Value chains in India--from educational institutions, infrastructure-providers, and suppliers to companies and customers--have been fragmented precisely because the cities have not encouraged all of them to flourish in one place. And in places where they did until recently--the Surat diamond cluster or the Jamshedpur iron belt--they did so because low manpower-costs neutralised the external inefficiencies in a company's value-generating activities. Shorn of an innovation-driven, knowledge-based business environment, the clusters are now gasping for breath--and competitiveness.

That's why the rise of the new cities, like Bangalore, is instructive. It proves that geography--which has shrunk in importance in the developed markets--still influences the formation of clusters in the emerging economies. For instance, the infotech business headed for the southern city because of its congenial climate: it was lush green, had reservoirs of experience (many software engineers hail from the South), and supplied expertise as well (the Indian Institute of Sciences, Bangalore, and the Indian Institute of Technology, Chennai, were the ideal breeding-grounds for technocrats). For 10 years, Bangalore dictated India's cluster model of competitiveness. But now, cluster-crowding--the infrastructure has failed to keep pace, affecting homes as much as workplaces--threatens to destroy the business paradigm as it has in other global cities.
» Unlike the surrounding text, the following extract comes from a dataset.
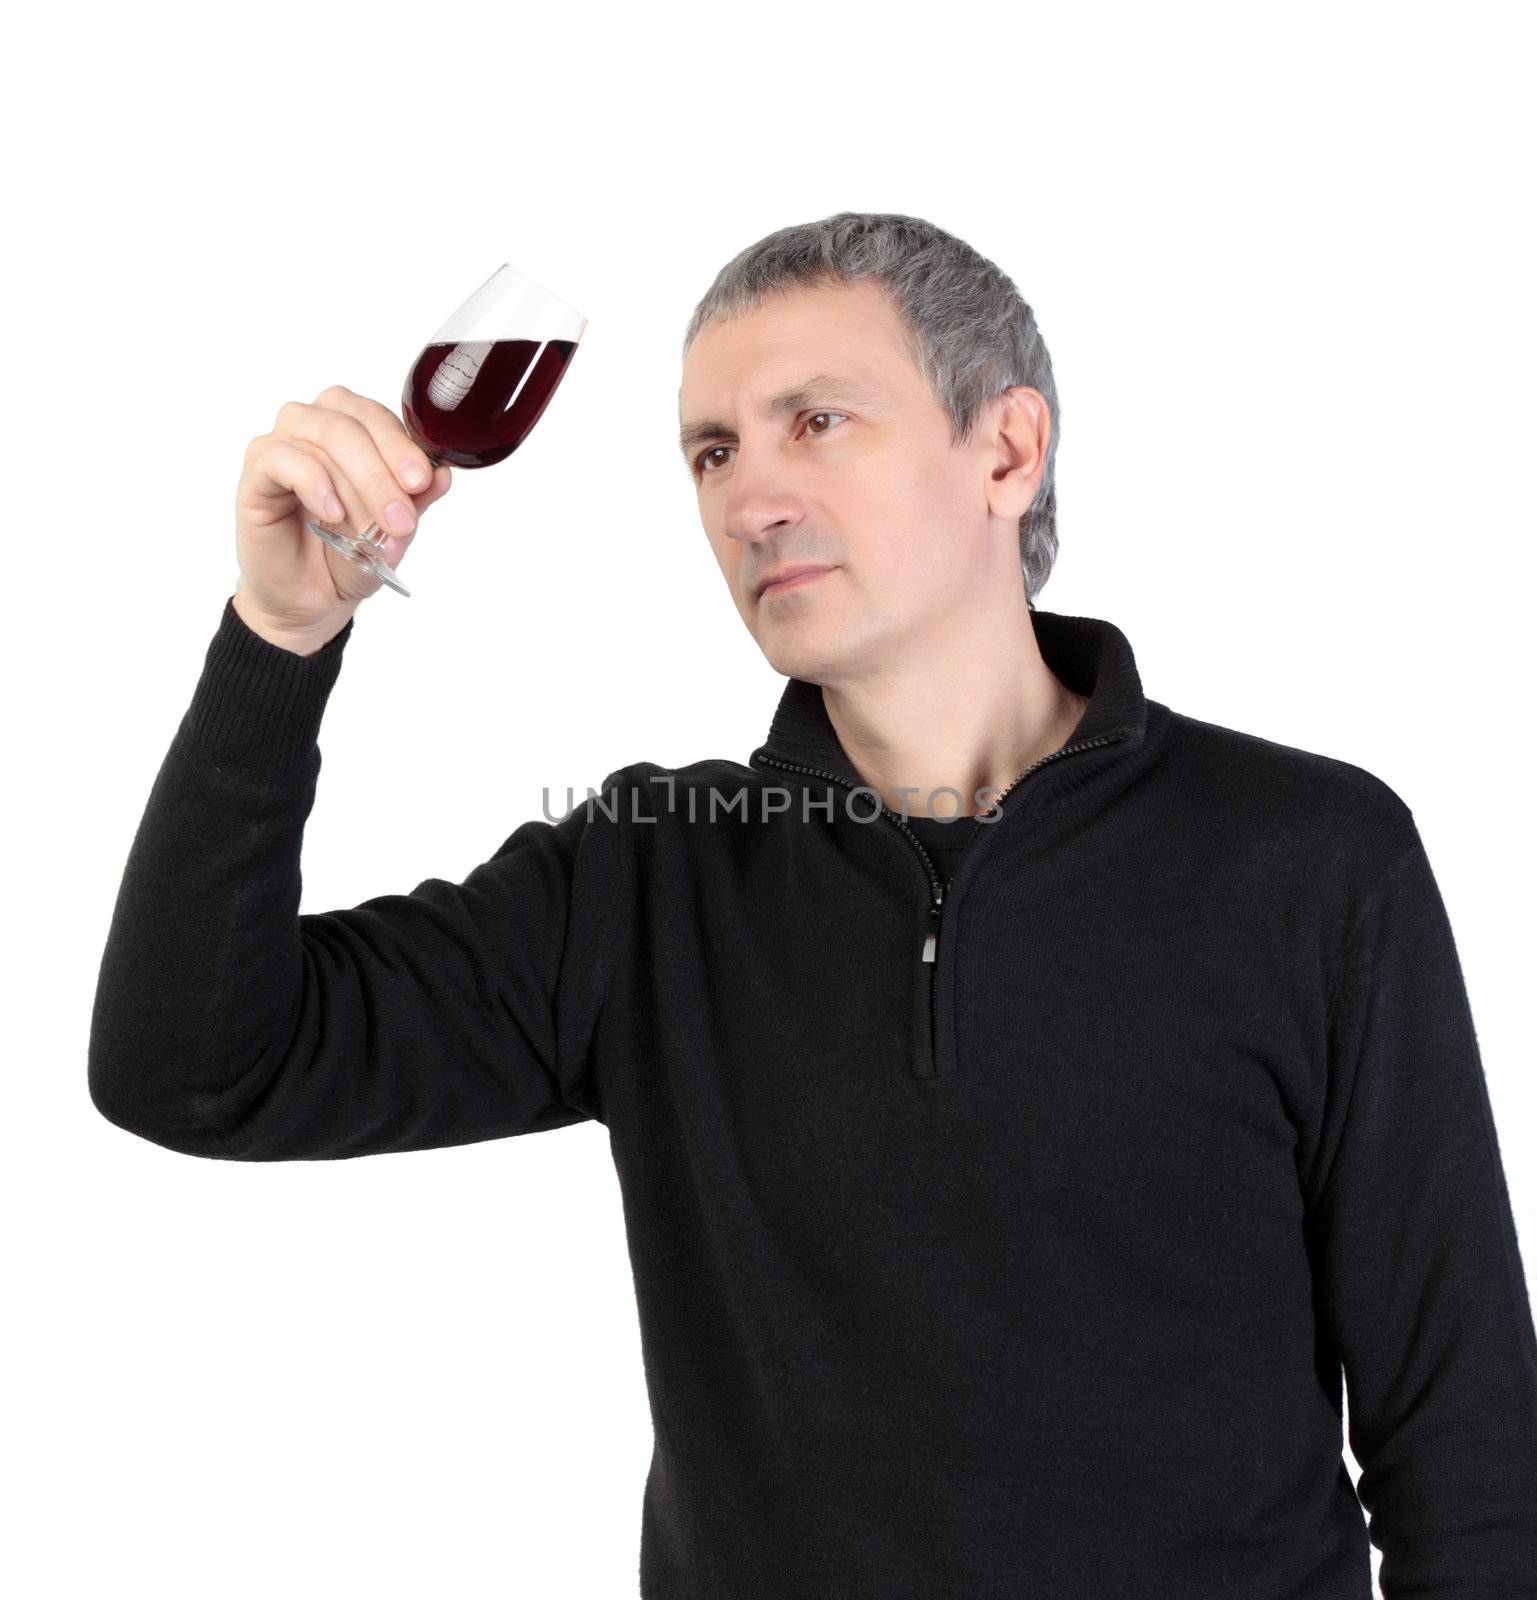 Man holding a glass of red port wine, on white background

Which is why Andhra Pradesh's Chief Minister, Nara Chandrababu Naidu, is keen as much on attracting investment as in ensuring that the people who drive the knowledge-based industry have a stimulating environment to reside in. His Vision 2020 for Andhra Pradesh seeks to provide an environment "where every man, woman, and child has access to not just the basic minimum needs, but to all the opportunities for leading a happy and fulfilling life."

The human aspect of clustering is of particular importance in an economy where low-cost manpower has created industrial townships, which, in turn, have bred poverty and squalor. Without a clear-cut blueprint, business has grown in a haphazard fashion. Clusters often thrive not because vendors have superior manufacturing and distribution processes, but because the supply chain feeds on the unregulated, low-cost, unorganised sector. As competition intensifies, customers become more sophisticated, and the quality of life becomes paramount, such fragile clusters will implode.

If anything, the fate of a cluster lies in the hands of the policy-maker, who decides what business a city or state administration should encourage. It entails a thorough understanding of a country's factor advantages and a city's ability to bring a string of inter-connected value activities together. The Hyderabad that Naidu envisions is a cluster that will be enriched by local talent, be part of the global supply chain, and continuously move up the value scale. But a business paradigm needs political continuity to thrive as much as it needs personal involvement. Hyderabad has the potential to rival Bangalore. That is easy, but its ability to become a global cluster is doubtful. Politics will ensure that. For, a cluster mind-set takes decades to develop, and visionaries like Naidu are as rare as global Indian clusters.

Nothing portrays the plight of India's cities better than Fortune's 1998 Global Best Cities, where not a single Indian city figures among the Top Ten Asian cities. Without being in control of their economic and social destiny, the cities can do little to transform themselves. Business requires institutes of hi-tech learning, R&D laboratories, linkages that foster innovation, and clear-cut policies. Clustering entails a deep understanding of the new value-chain dynamics: venture capitalists and suppliers are encouraged as much as end-buyers; business and life mix well; and the metropolitan administration has as much of a role as the top management team in ensuring that the new eco-system, like a leading-edge firm, is always open to change. Only then can today's clusters hope to become tomorrow's corporate city-states.